None of this is brought out in Professor Barraclough’s review, which suggests that Power and Civility is a self-contained piece of “clockwork history” that can be characterized by such epithets as “top-heavy sociological theorizing,” “overtaken by more recent research,” “a crudely mechanistic view,” “pronounced ethnocentricity,” and “ingrained elitism.” At one point we even find the completely unwarrantable insinuation that Elias’s imputed “grandiose vision of the future” may have something to do with Hitler’s “new order.”
A more substantive criticism by Professor Barraclough concerns Elias’s emphasis on the role of “the state” in the European civilizing process, and his neglect of “the influence of religion.” Now, first of all, as the title of the English edition, State Formation and Civilization, clearly indicates, Elias is not so much concerned with “the state” as such but with the process of “state formation”—a subject that has increasingly demanded the attention of historians and political scientists in recent years, and about which he has a great deal to say that not only was novel in 1939 but still is. What Elias shows, furthermore, is that in the transition from the medieval to the modern age state formation was a precondition for the spread of more “civilized” conduct. No matter how much particular clergymen might long for peace and a softening of manners, they had little chance of realizing this ideal as long as the prevailing social conditions did not allow for it.
What is at issue is a general transformation of society, and, within society, a changing role of worldly and churchly authorities. If one insists on speaking in an unqualified manner about “the influence of religion,” one has to consider not only the lofty words and deeds of saints and schoolmen but also the atrocities committed by crusaders and inquisitors.
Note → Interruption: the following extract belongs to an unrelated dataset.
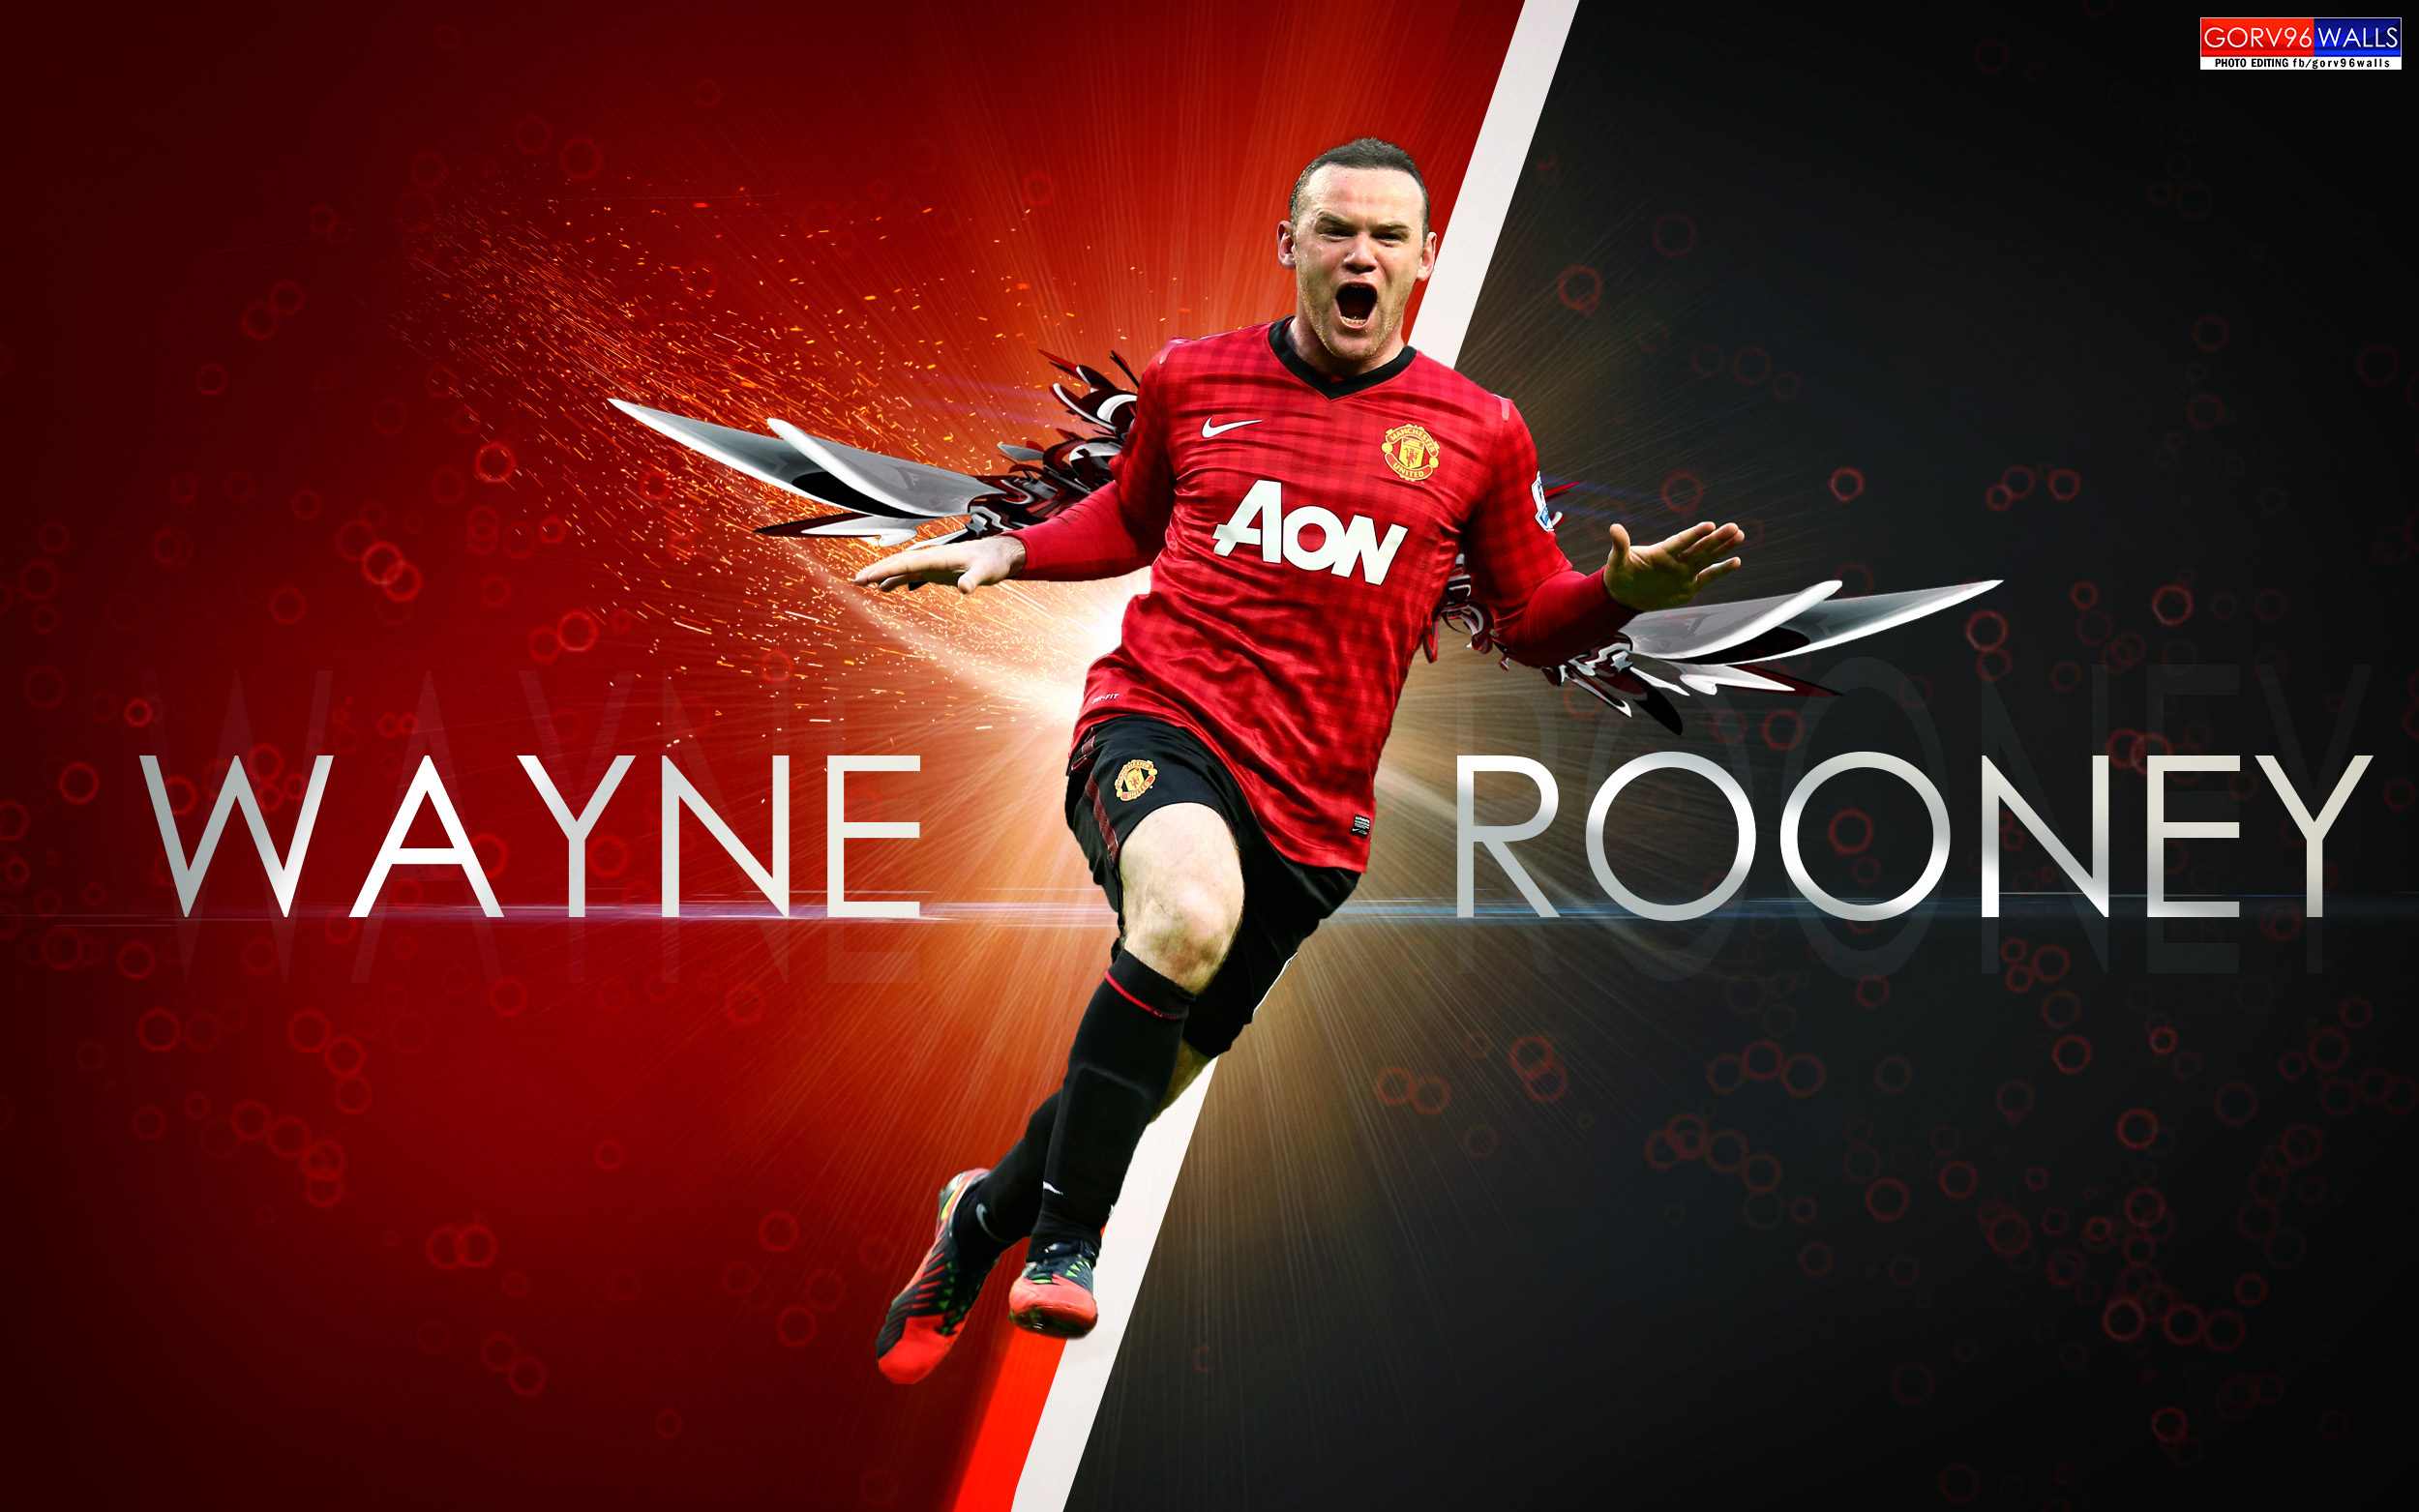 Wayne Rooney Wallpaper Nike - wallpaper.

To all of them Elias’s observation applies that “religion is always exactly as ‘civilized’ as the society or class which upholds it” (Vol. I, p. 200).
To call Elias’s view “mechanistic” is to miss the central point: “plans and actions, the emotional and rational impulses of people, constantly interweave in a friendly or hostile way. This basic tissue resulting from many single plans and actions of men can give rise to changes and patterns that no individual person has planned or created. From this interdependence of people arises an order sui generis, an order more compelling and stronger than the will and reason of the individual people composing it” (Vol. II, p. 230; italics in the original).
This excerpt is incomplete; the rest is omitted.